Why don't you give a specific example, including an explanation of what exactly you mean by "measure accuracy"?

radbet · 08-04-08, 05:38 PM

example

what I mean by measured accuracy is the percentage of correctly predicted outcomes of a node within my decision tree output.

Here is an example of a node I have:

Over past 4 years (1860 games), a situation has occurred 20 times with 18 of them resulting in a positive outcome (ie. correctly predicted victory). This gives an obvious predicted outcome % of 90%.

From my understanding (please correct me if i am wrong), if the N>30 in a classification tree node where the class variable has 2 values (ie win/loss), then the probability of the class variable outcome can be safely assumed to be a normal distribution (if the known distribution of variables is also normal). But, if N<30, then normality can not be assumed and predicting confidence intervals is more complicated.

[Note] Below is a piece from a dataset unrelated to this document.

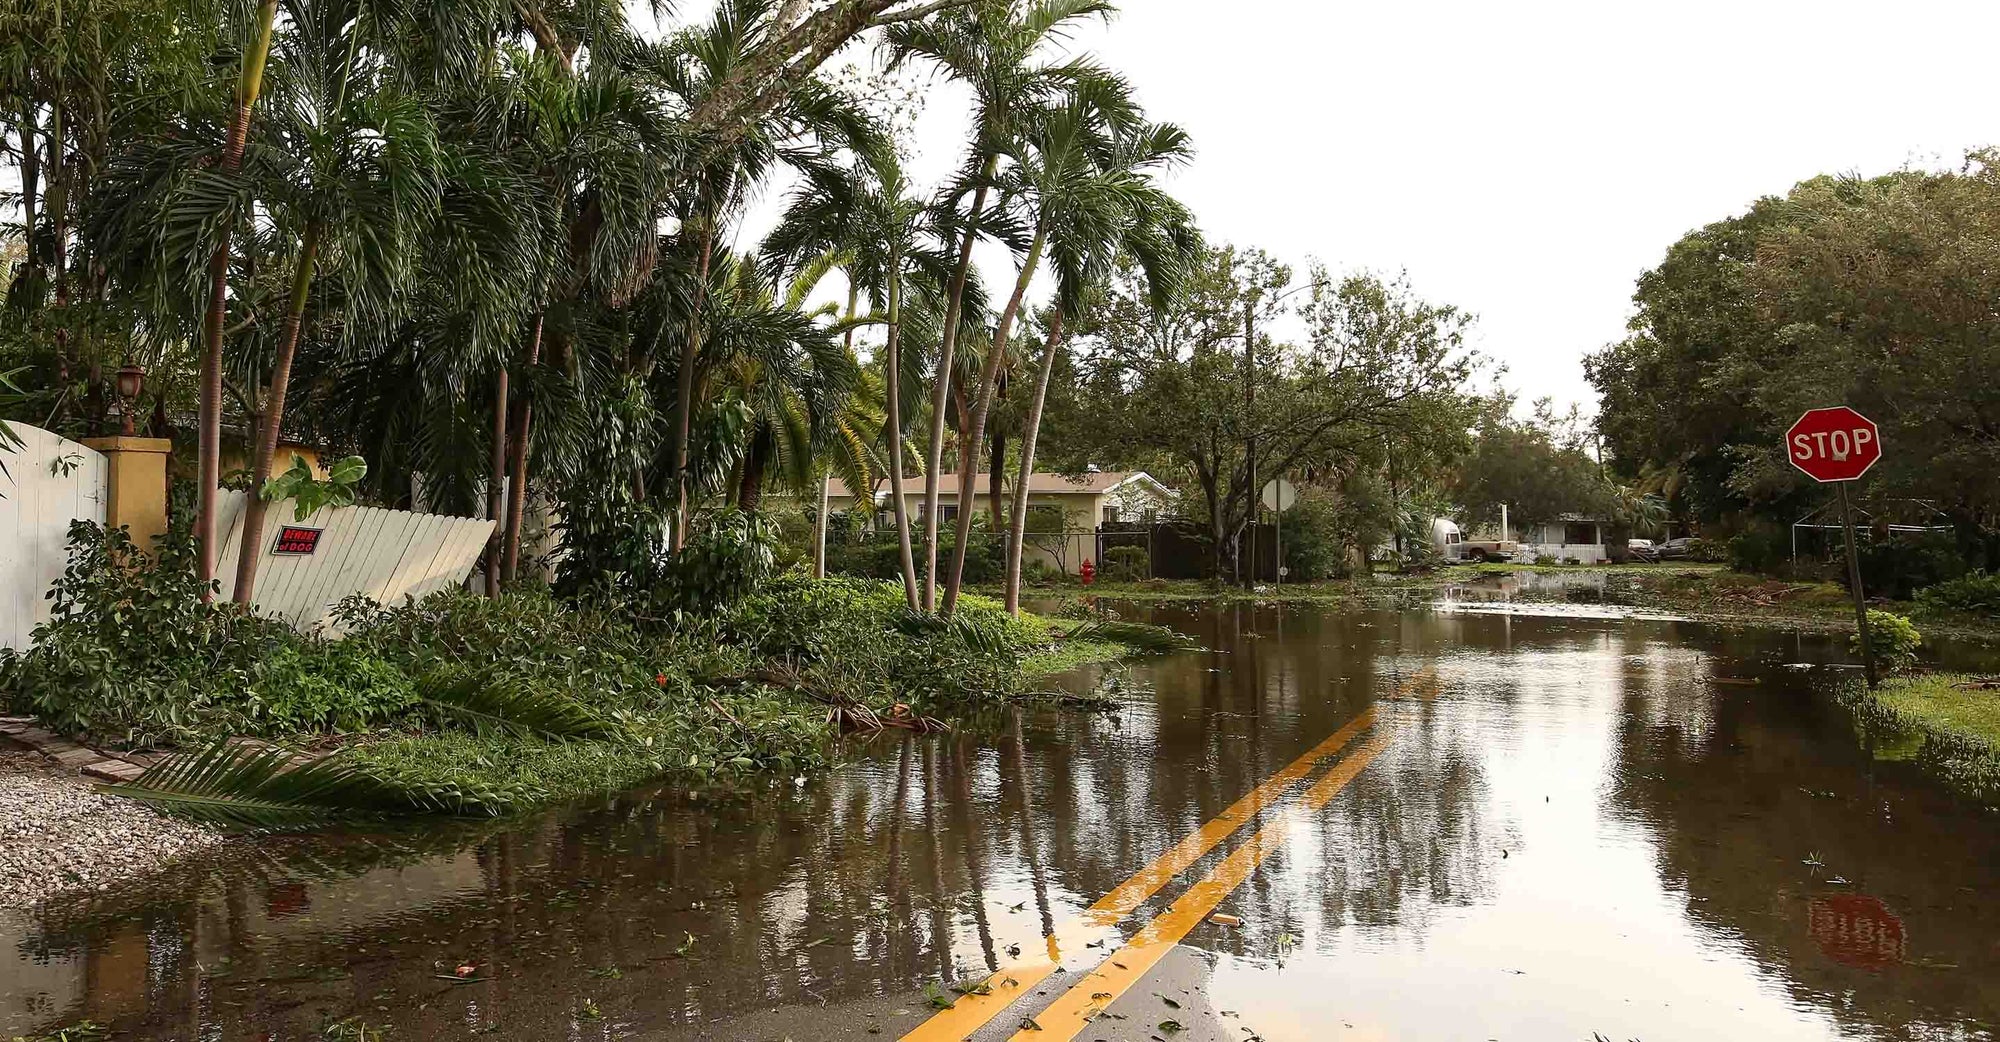 Flooding in Florida from Hurricane Idalia.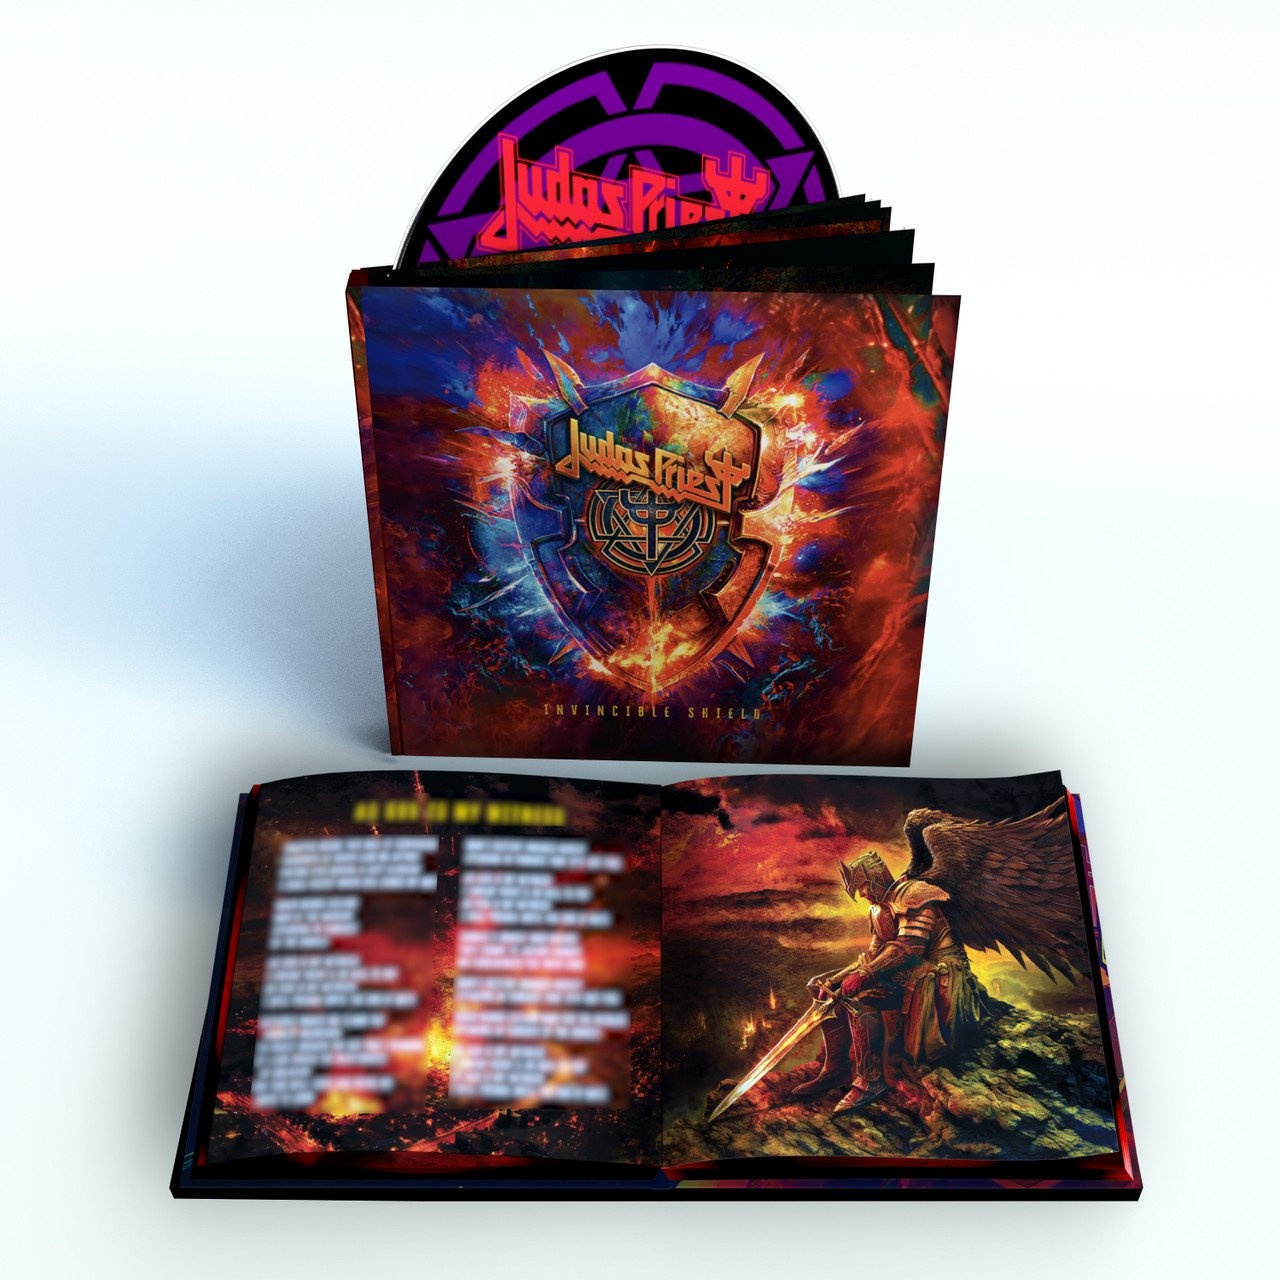 Invincible shield judas priest альбомы. Judas Priest - Invincible Shield (Deluxe Edition) (2024). Judas Priest - Invincible Shield (2024) CD. Judas Priest - 08.03.2024 - "Invincible Shield". Judas Priest Invisible Shield распаковка.

By the way, the tree is built with 15 continous variables which are based on team rating, offensive/defensive scoring, and SOS. I have evaluated the variables extensively and they are all normally distributed.

BuddyBear · 08-04-08, 10:05 PM

Well, if your main dependent variable of interest is binary (i.e. win/loss) then you could do what is called a logistic regression. Logistic regression is similar to standard OLS regression with the exception that the DV is binary and then the continuous variables could be included in the model. This, to me, seems more rigorous than confidence intervals b/c logistic regression would allow you to control for all those 15 variables in the model.

It's really all not that clear to me what you are trying to do except it seems like you are trying to predict win/loss based on a certain set of variables you've collected data on. If that is the case, regression would be able to do that for you.